The top 10 new movements not yet invented but sure to rock the world in the 21st Century.

1. Denaissance - The undoing of the Renaissance. People reject all aspirations to emulate the cultural achievements of antiquity, or for that matter 16th Century Europe, and take refuge in blinkered Mediaeval certainty.

2. Neo-Luddism - Combining hostility to technology in the workplace as embodied in the apocryphal figure of Ned Ludd, but retaining it and worshipping it in the sphere of private life. So, for example, it is OK to have a mobile phone, but it is illegal for work to call you on it.

3. Obscurism - The inevitable backlash to our current obsession with celebrity. Complete anonymity will come to be regarded as the supreme moral virtue. Obscurist artists and writers will produce great works, but no-one will know about it.

4. Post-Ageism - Because of demographic changes in society, combined with constant vilification of young people in the media, old age becomes incredibly fashionable. Youth is despised and comes to be seen as physically repulsive. New plastic surgery techniques to artifically wrinkle skin become very popular.

5. Post-Conservatism - Conservatives realise that so much has gradually changed and evolved since they started being conservative that to get back to where they started they will have to become radical revolutionaries.

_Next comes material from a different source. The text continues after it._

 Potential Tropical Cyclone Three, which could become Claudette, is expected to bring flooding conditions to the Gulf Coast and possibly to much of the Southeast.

6. Masculism - Like Feminism, except instead of formulating a coherent analysis of the power structure in society the proponents just make lists of things in society they like and dislike the most.

7. Groucho-Marxism - Class struggle with a sense of humour.

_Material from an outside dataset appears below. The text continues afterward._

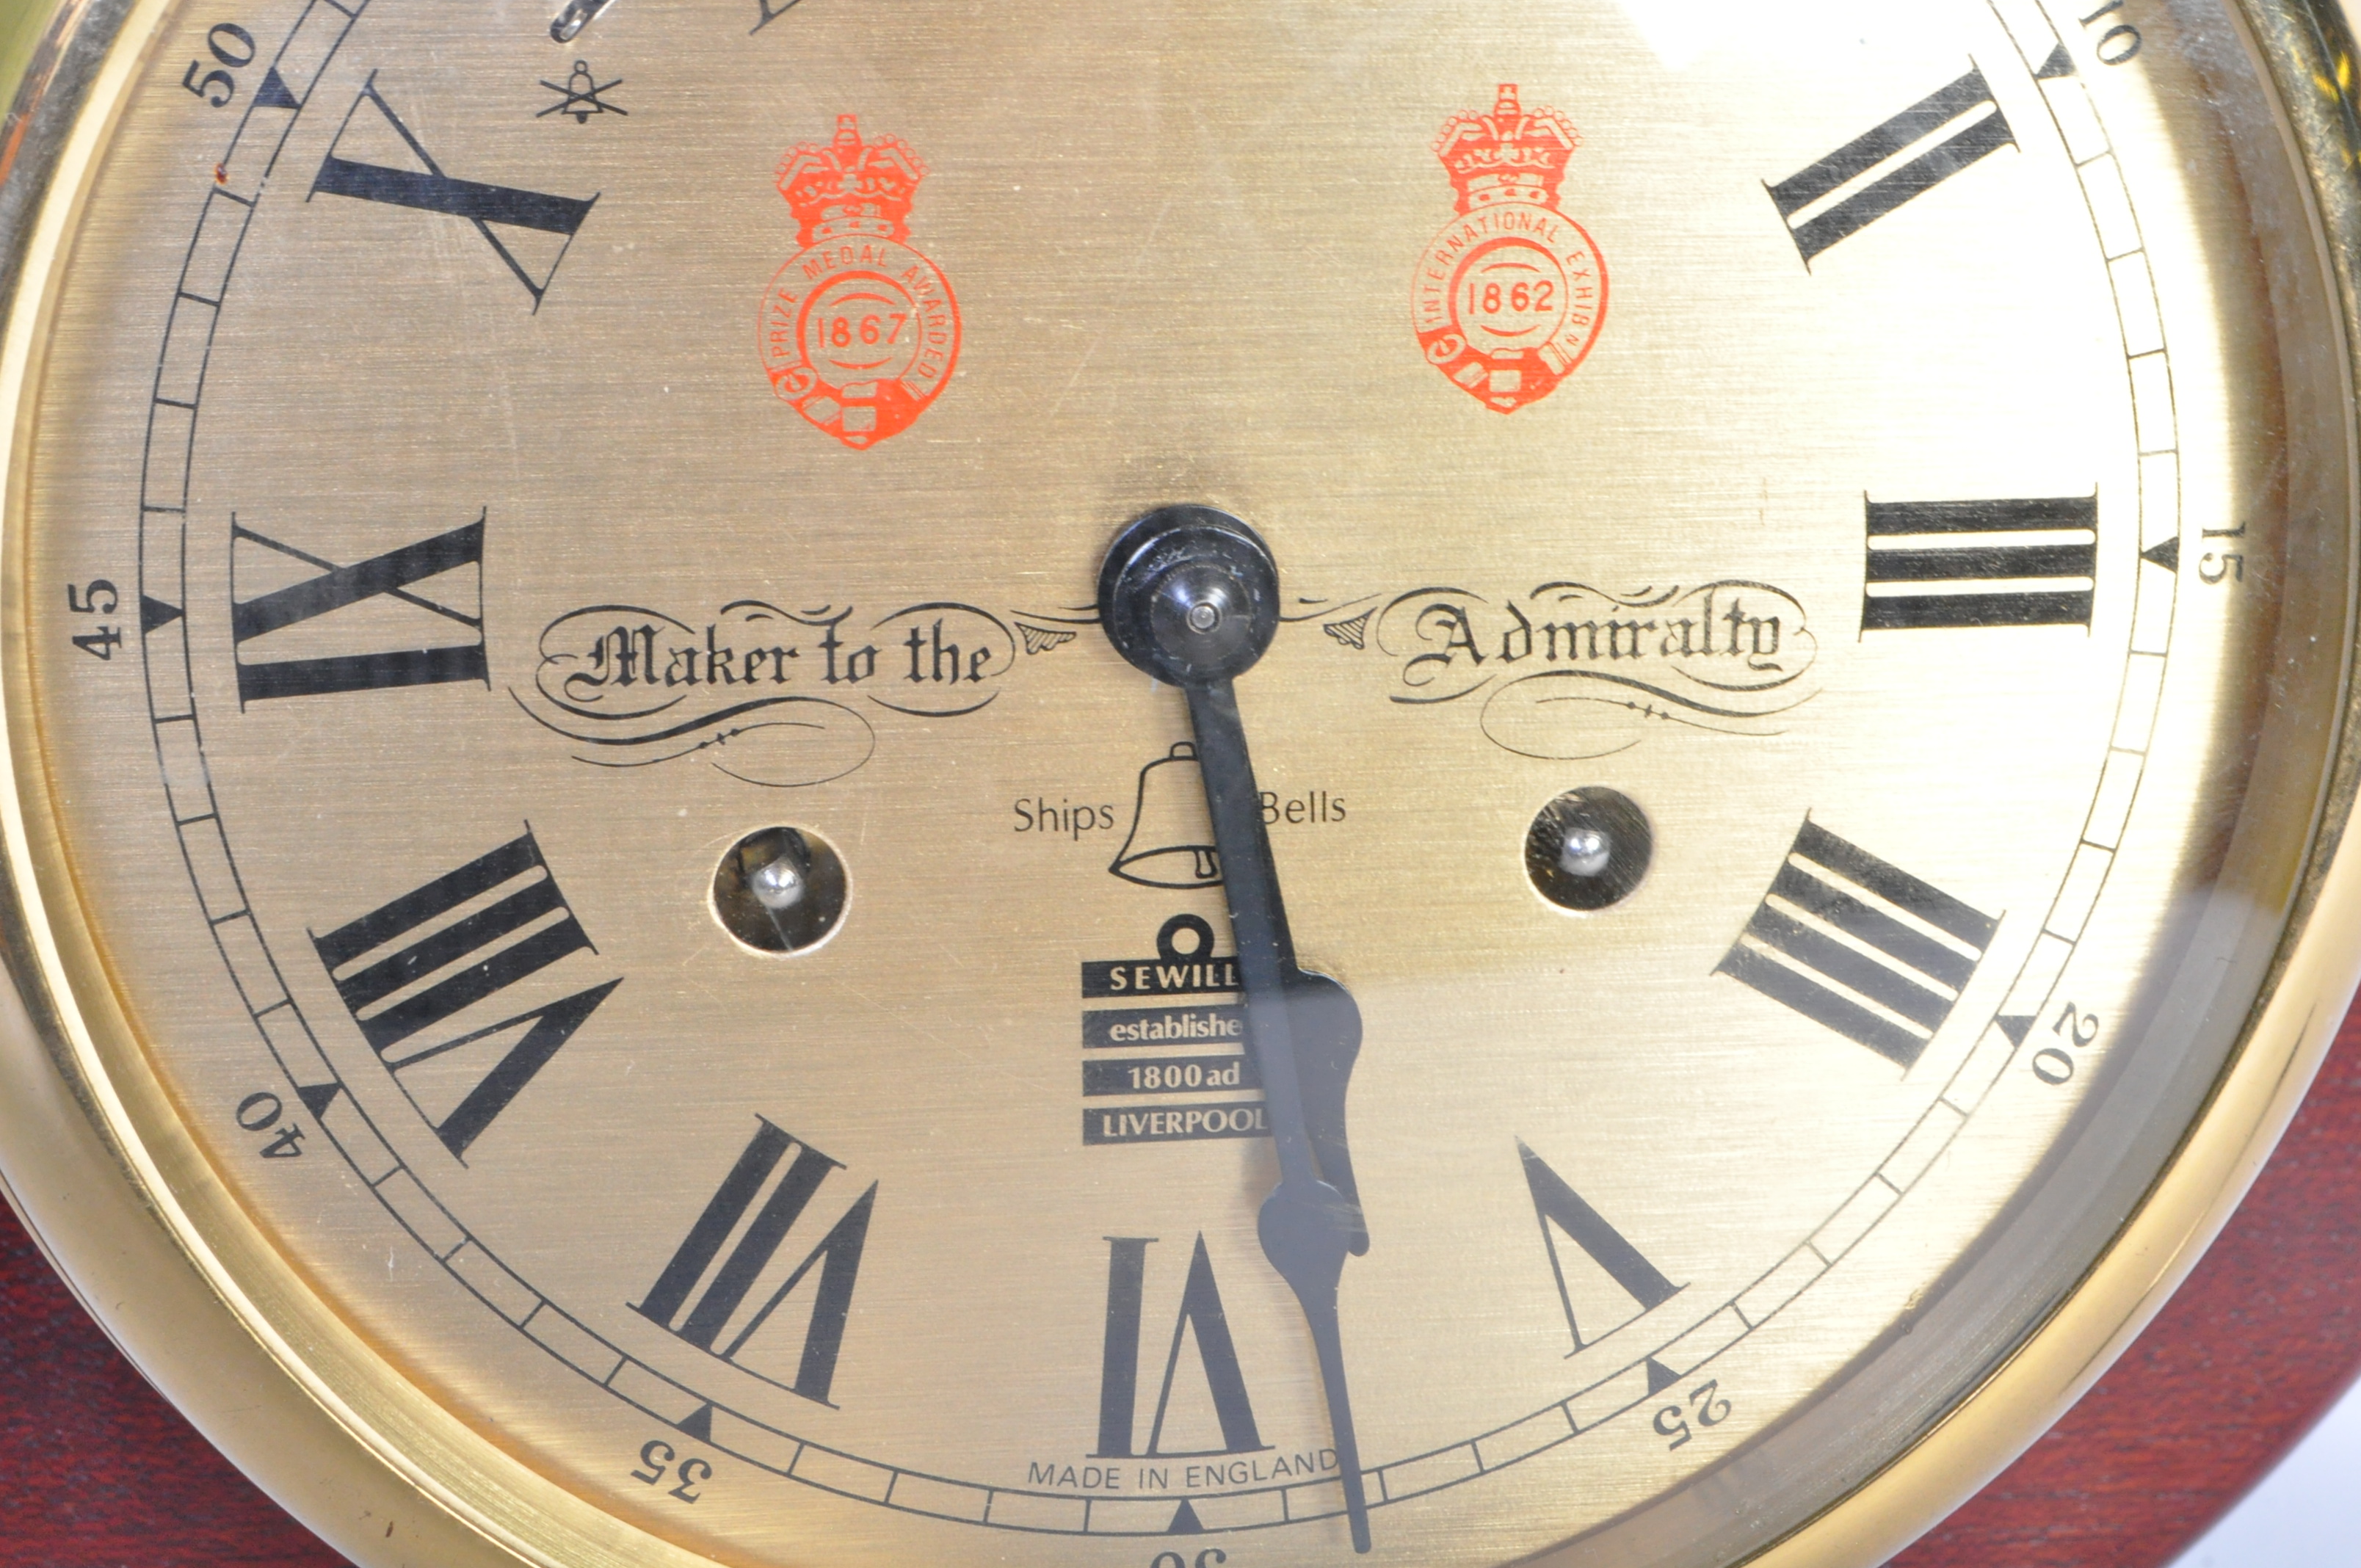 SEWILLS OF LIVERPOOL ROYAL ADMIRALTY SHIPS CLOCK - Image 2 of 6

8. Post-itism - A theory proposing that all worthwhile human endeavour is most accurately expressed on little yellow bits of paper with an adhesive strip on the back.

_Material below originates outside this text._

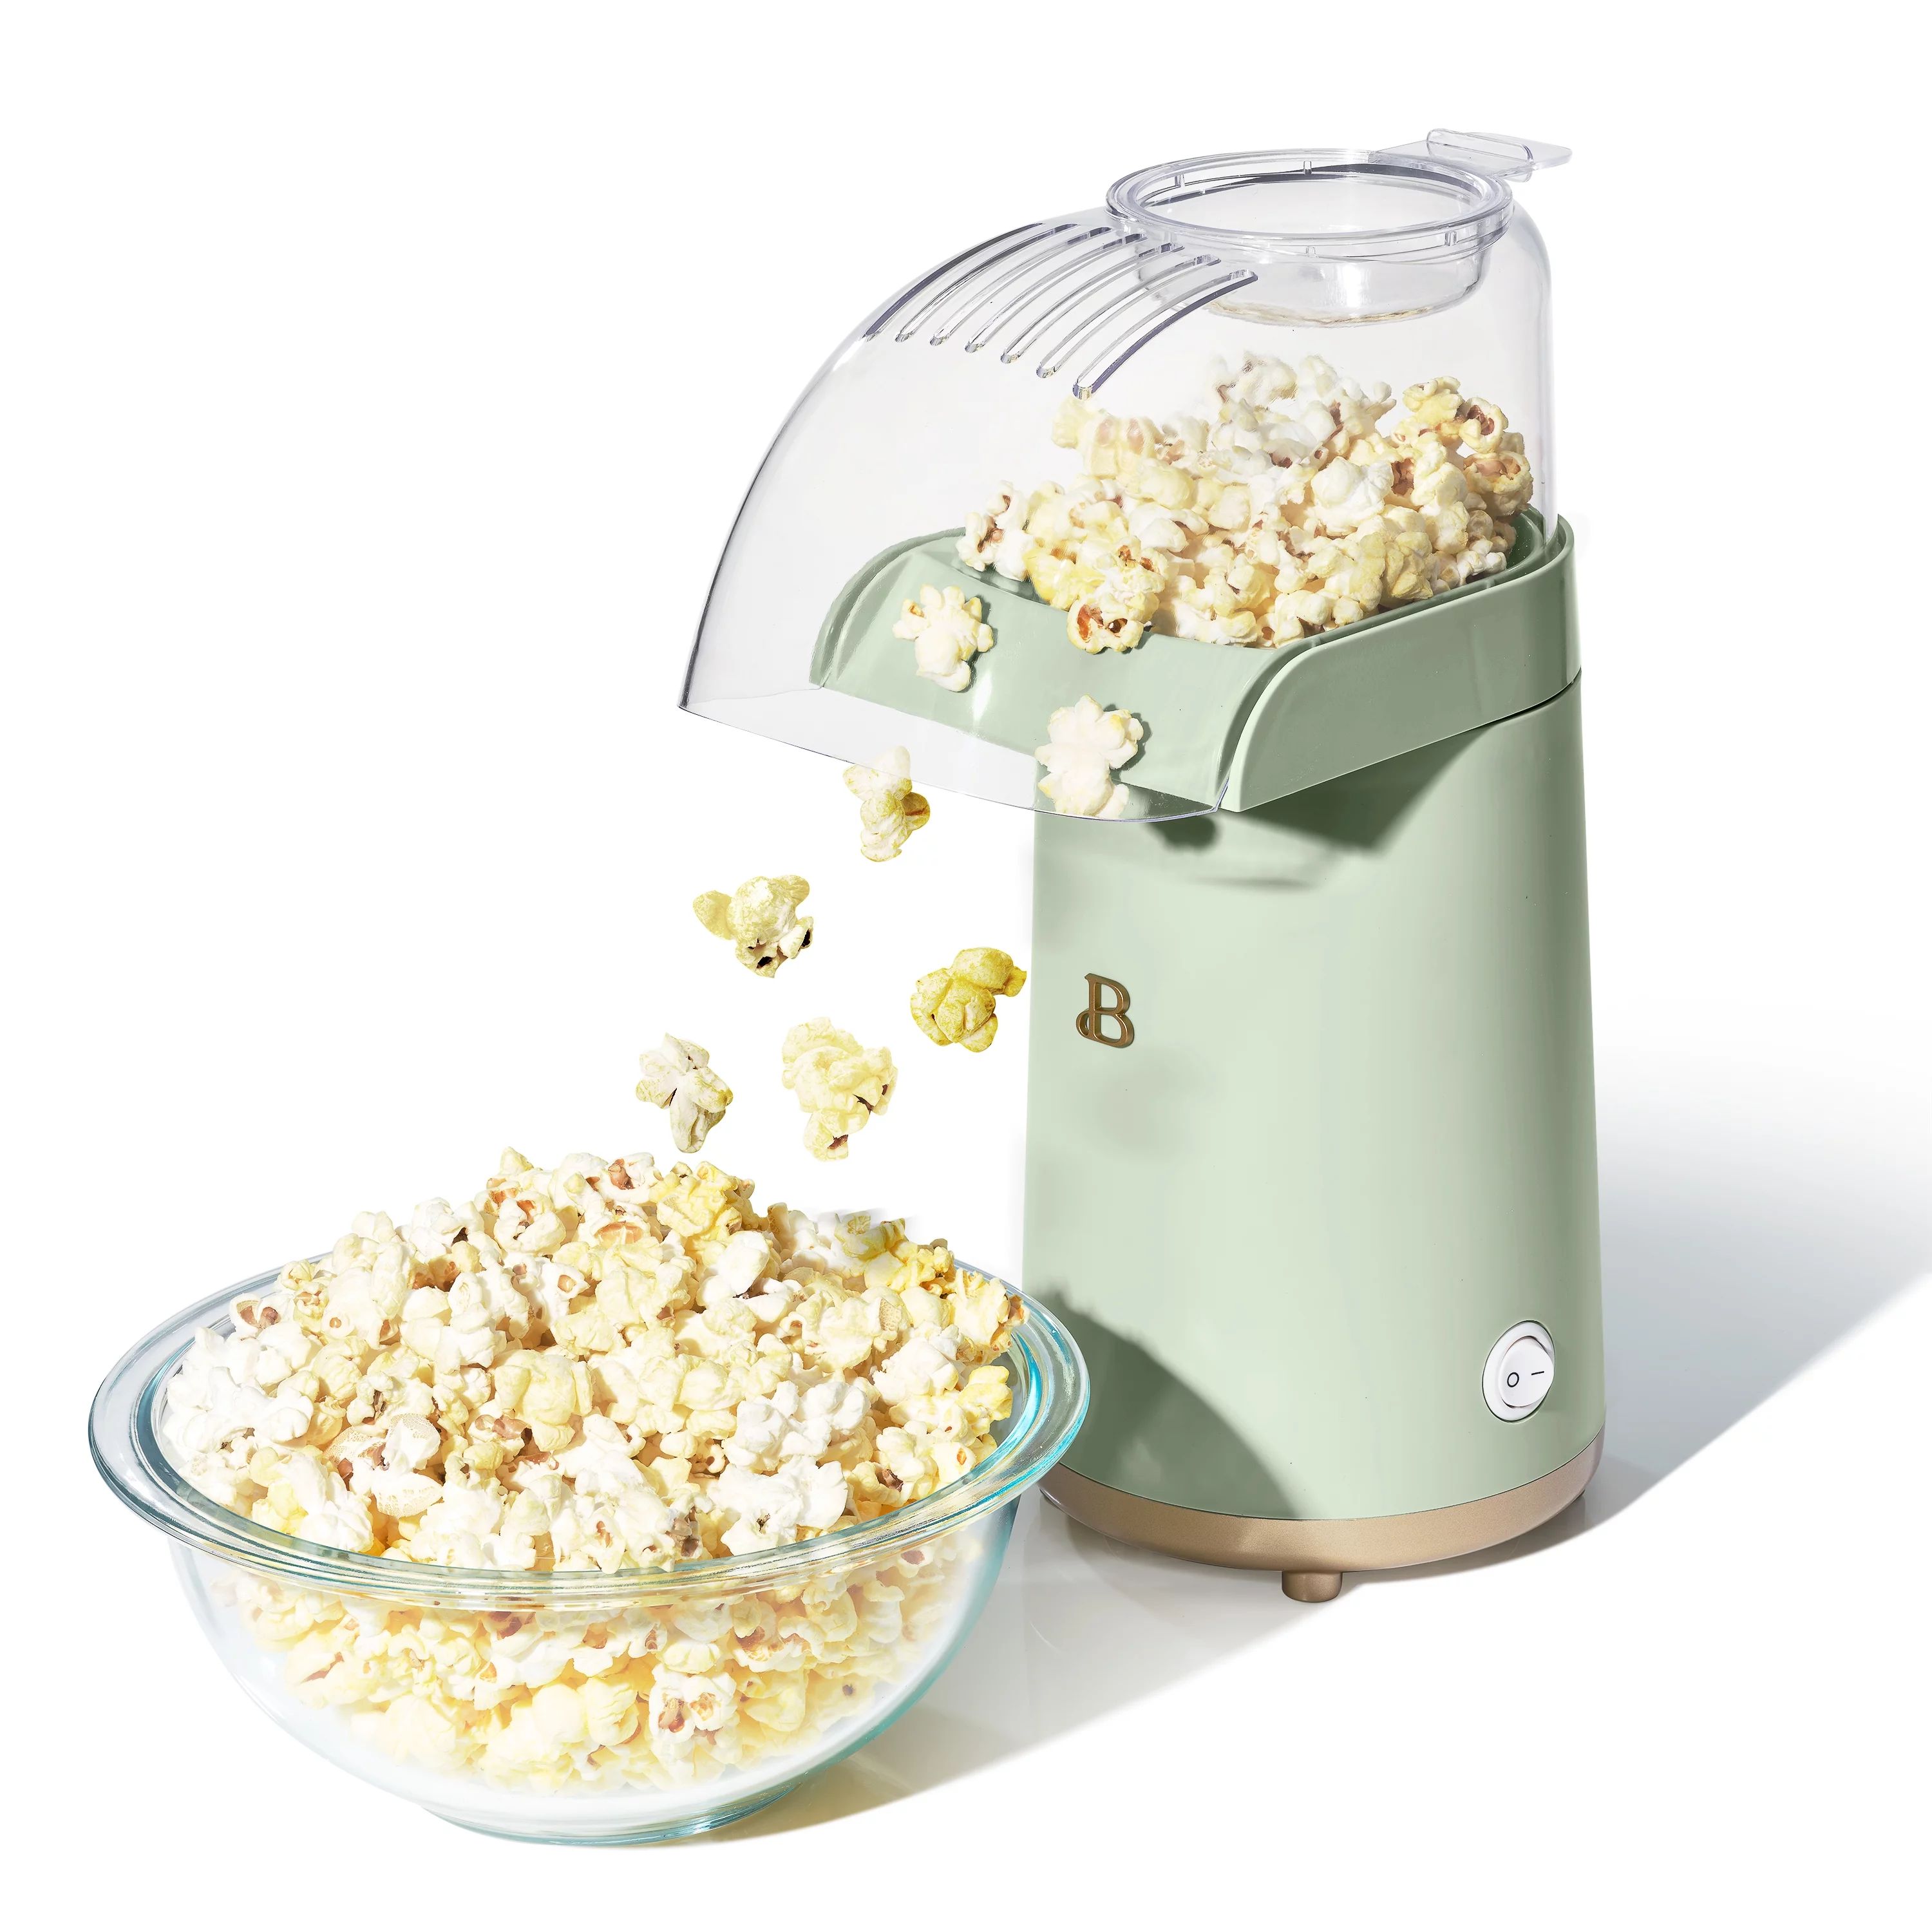 Beautiful 16 Cup Hot Air Electric Popcorn Maker, Sage Green by Drew Barrymore | Walmart (US)

9. Neo-nlightism - A theory proposing that all worthwhile human endeavour is most accurately expressed in lurid coloured bright lights on Broadway. A schismatic movement focuses on Piccadilly Circus.

10. Schmism - A theory proposing that all worthwhile human endeavour is most accurately expressed by repeating key words and inserting 'schm' as the first syllable. For example: 'Shakespeare? schmakespeare!' 'Capitalism? schmapitalism!'

Wednesday, May 11, 2005


Went to see Edward Albee’s “The Goat” at the Project tonight. At first, and even about almost half way through I didn’t think much of it. I thought it looked like what it was, an old man trying in vain to write something as startling as his “Who’s afraid of Virginia Wolfe?” But then, almost at a turn - well it was during a speech made by the central played by Bryan Murray, I fell for it. And by the time Susan Fitzgerald , playing the wife, walked on stage carrying the bloodied head of the slain goat , I think that I too saw the goat through the eyes of the man who loved her. There’s been a lot of talk about what this play is saying, some of it from Albee himself, about whether its possible to do tragedy anymore etc. But what I will remember from the drama is that speech where the main character tries to describe the indescribable, what is like to look into the living eyes of another and see love there. How that moment can set you off on a road that may put you beyond the pale. And how impossible it is to explain or to justify the fall that may ensue. And yes, I think we can still do tragedy.

Sunday, May 08, 2005

video days

Continuing my big Spring clean up, I tackled the living room yesterday. I unplugged the video recorder and put it into a cupboard. I hardly ever use it nowadays, I always watch DVDs and don’t really record any programmes off the TV anymore. I plan to get a DVD recorder later on this year, but I have reached the point of finally realizing that copying and storing programmes that I may never watch is a huge waste of time.
Still, unplugging the video was a big moment. Like the unplugged fax machine it had a short interesting life. I bought my first video recorder in the 1980s, it was actually stolen from my house – videos were expensive machines back then. We bought tapes and collected programmes like we were going to have them forever, the wonder of being able to go out for the night and have the video recorder tape the programme was the pinnacle of technology. It didn’t matter that you might never watch that taped programme, it was there – that was the thing. It demystified TV in some way and was the beginning of “lean forward” viewing and interactivity with mass media.